**BRIEF:**
Write the data out again exactly, with no pictures.

**SOURCE MATERIAL:**
==============================
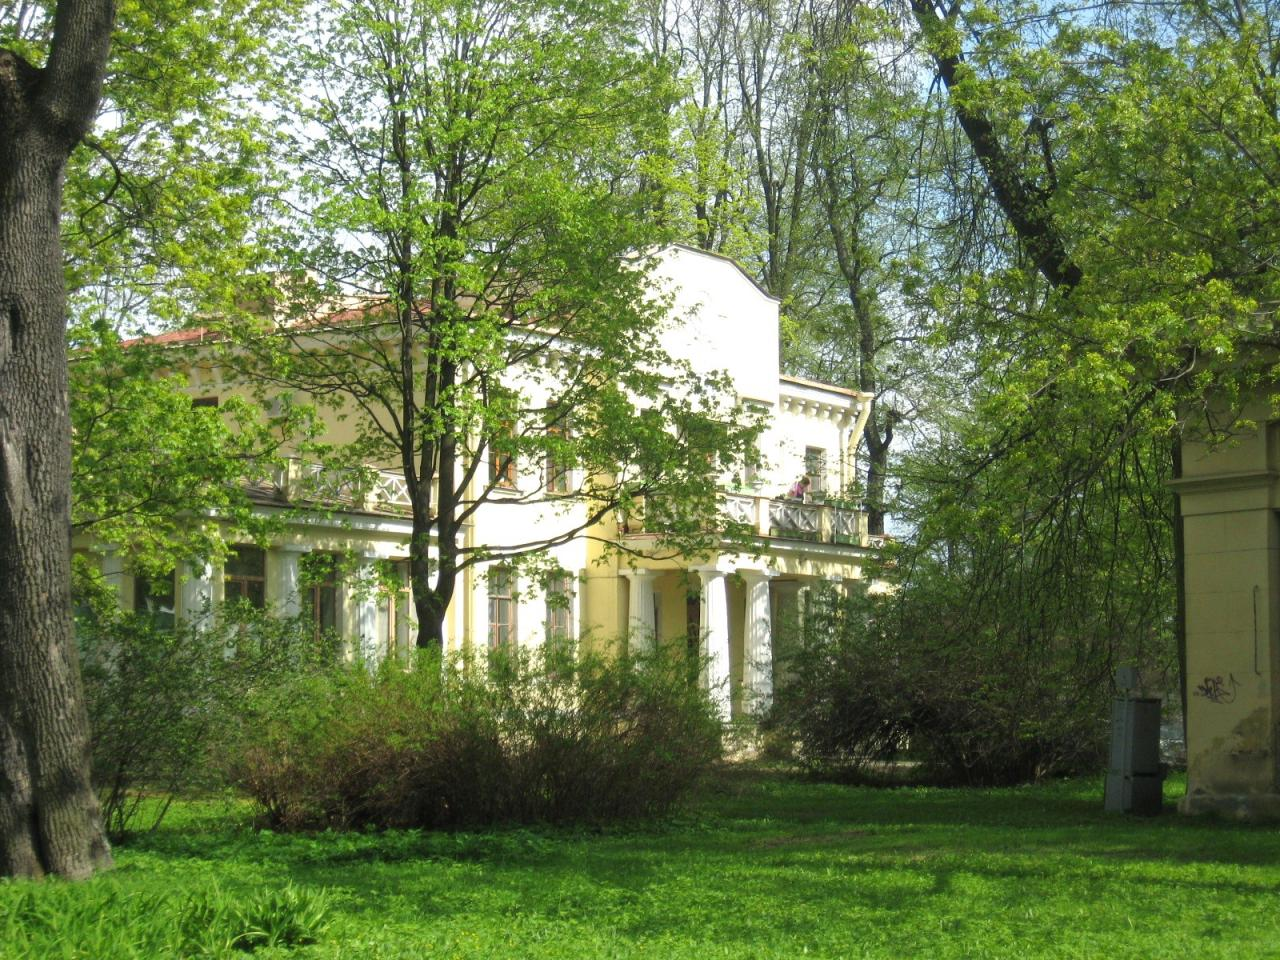 7. Дом Бехтерева. Фото: Тамара Николаевна, 2008 Добавил - IVa
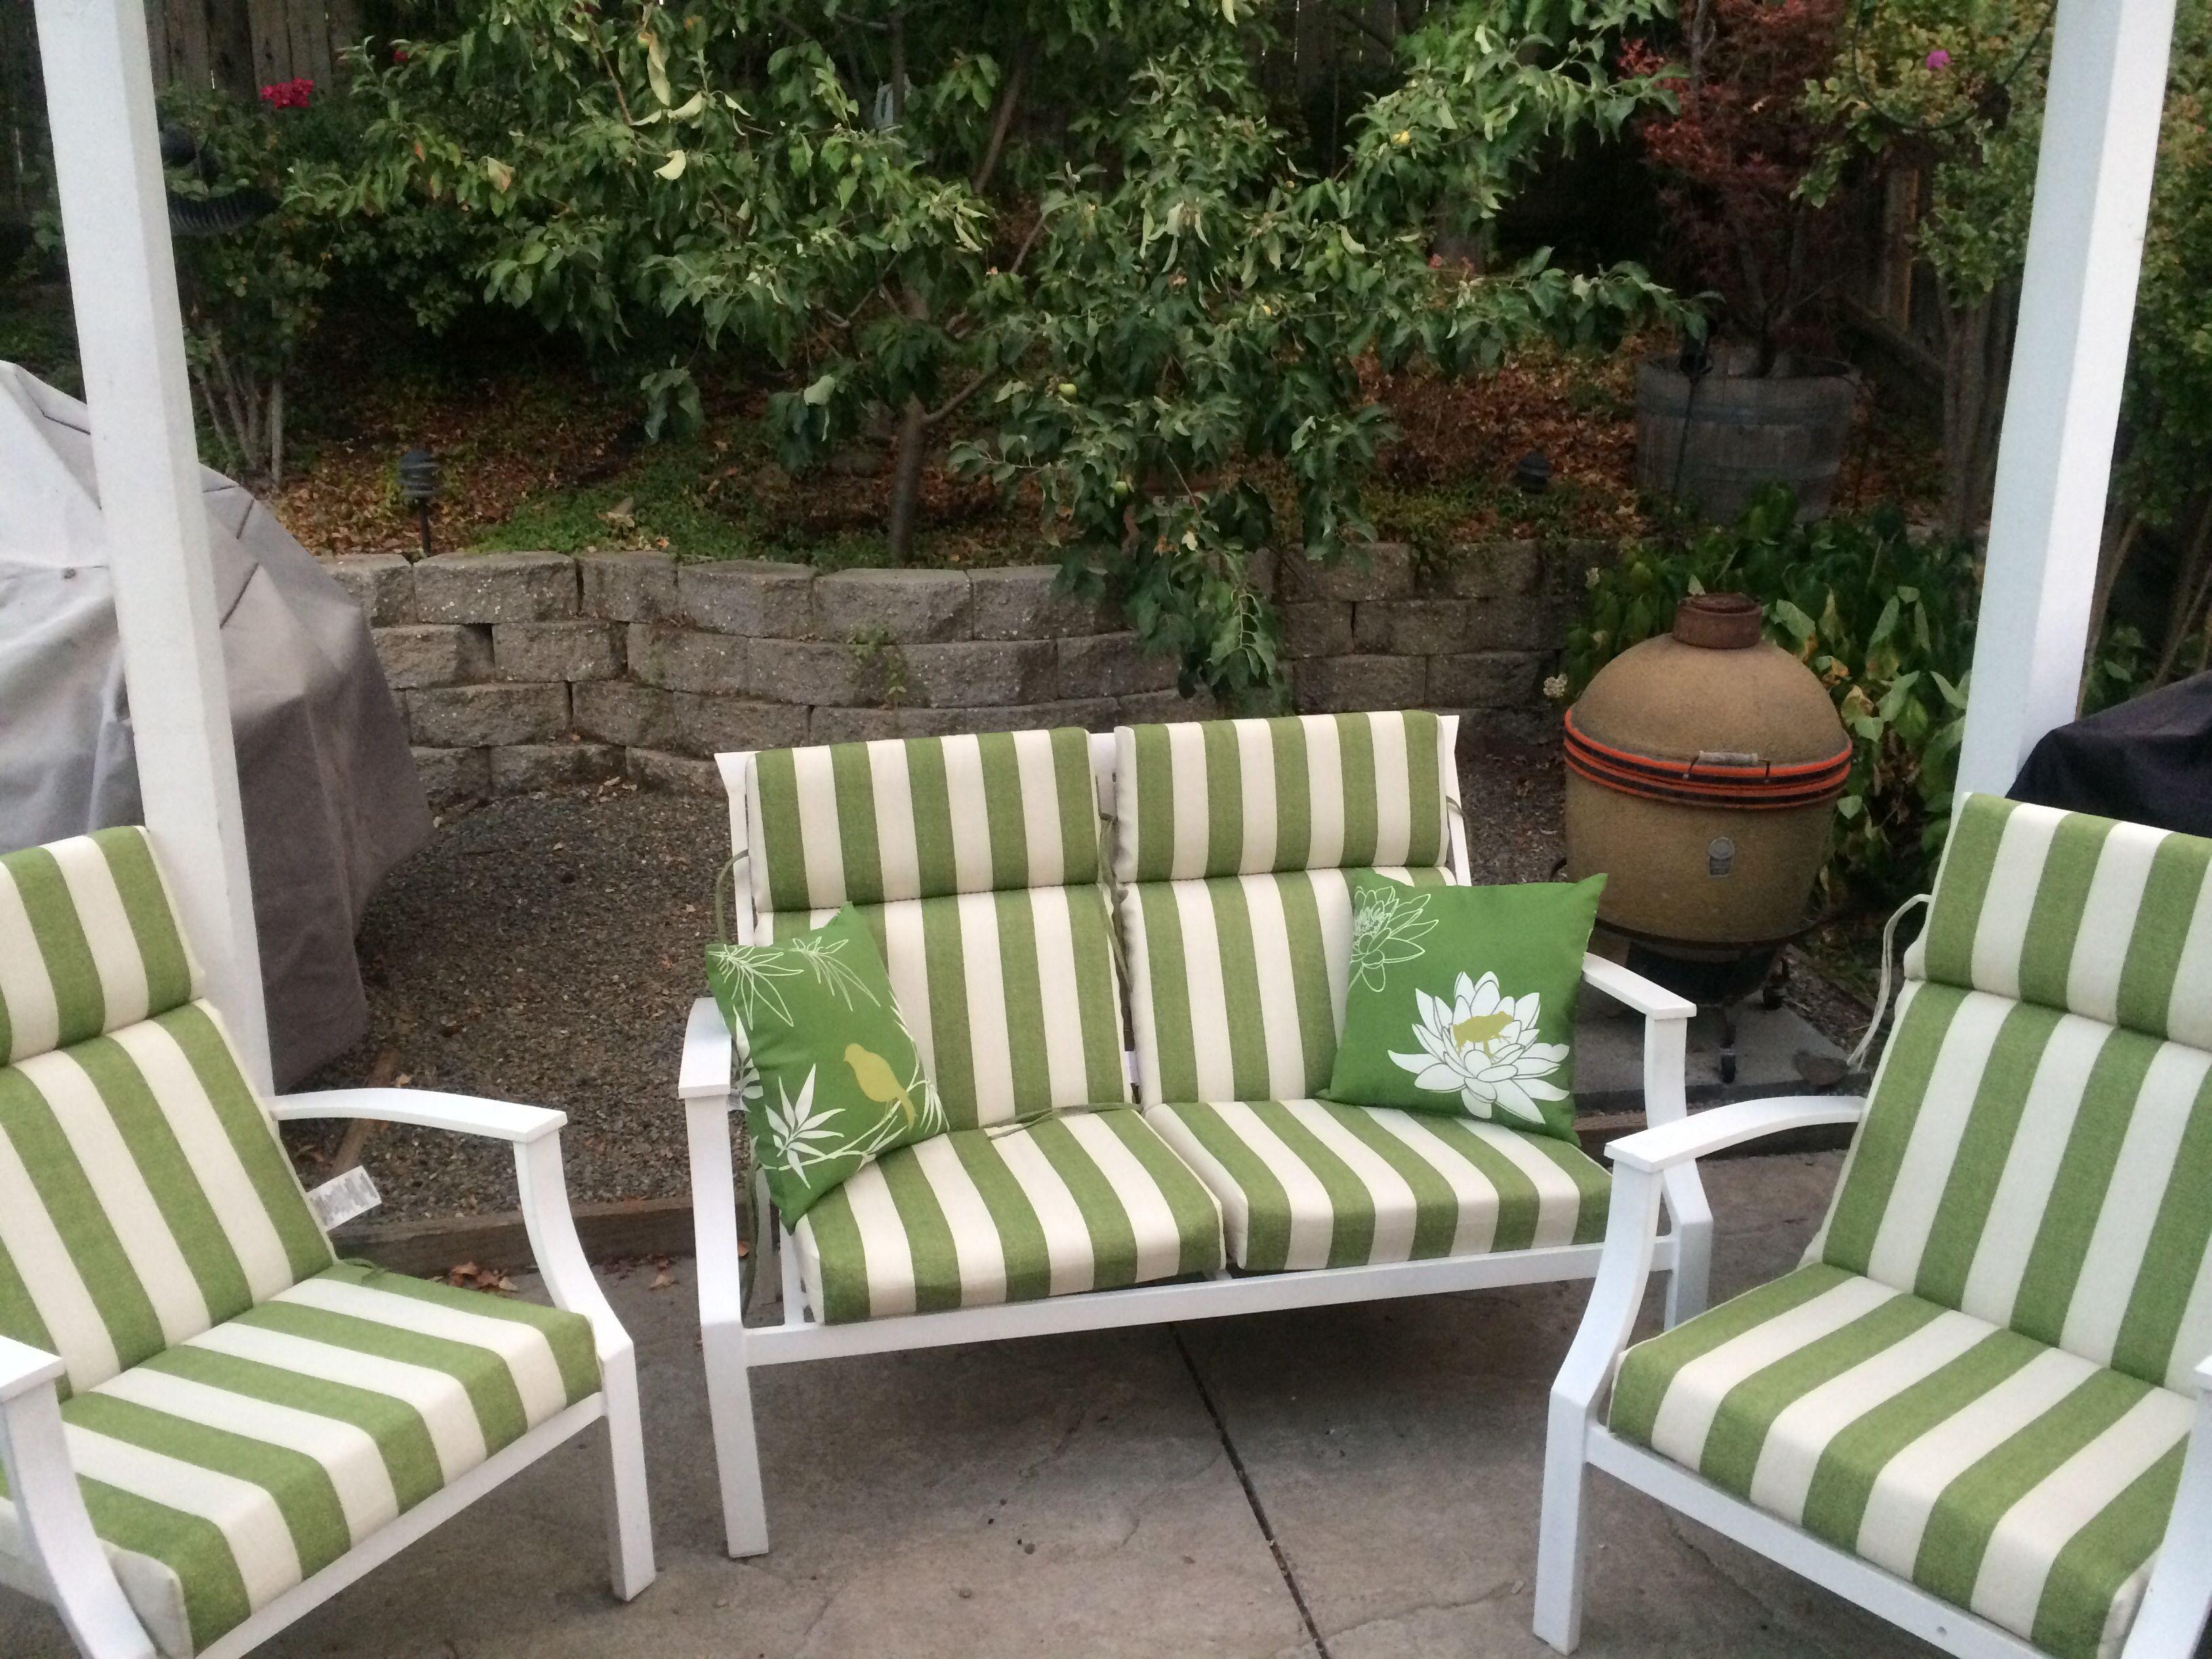 Backyard retreat. Garage sale find furniture with cushions
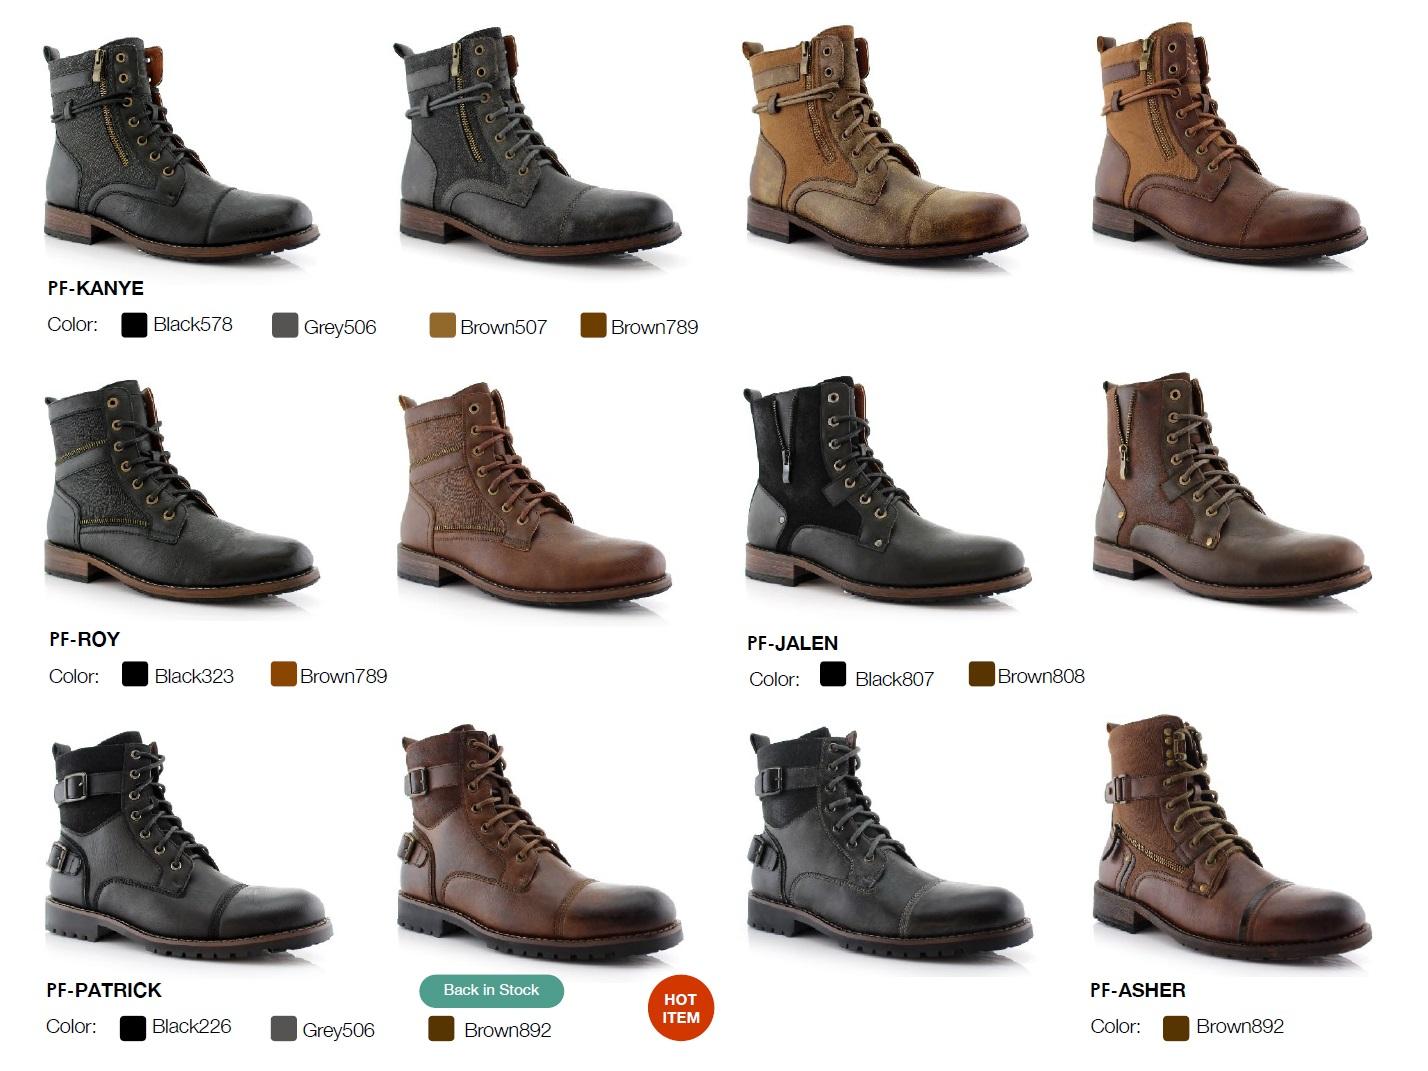 Nantlis Vol 43 Zapatos para Hombres Mayoreo Wholesale men shoes Catalogo Polar Fox Footwear_Page_10
==============================
**RESPONSE AREA:**
 7. Дом Бехтерева. Фото: Тамара Николаевна, 2008 Добавил - IVa
 Backyard retreat. Garage sale find furniture with cushions
 Nantlis Vol 43 Zapatos para Hombres Mayoreo Wholesale men shoes Catalogo Polar Fox Footwear_Page_10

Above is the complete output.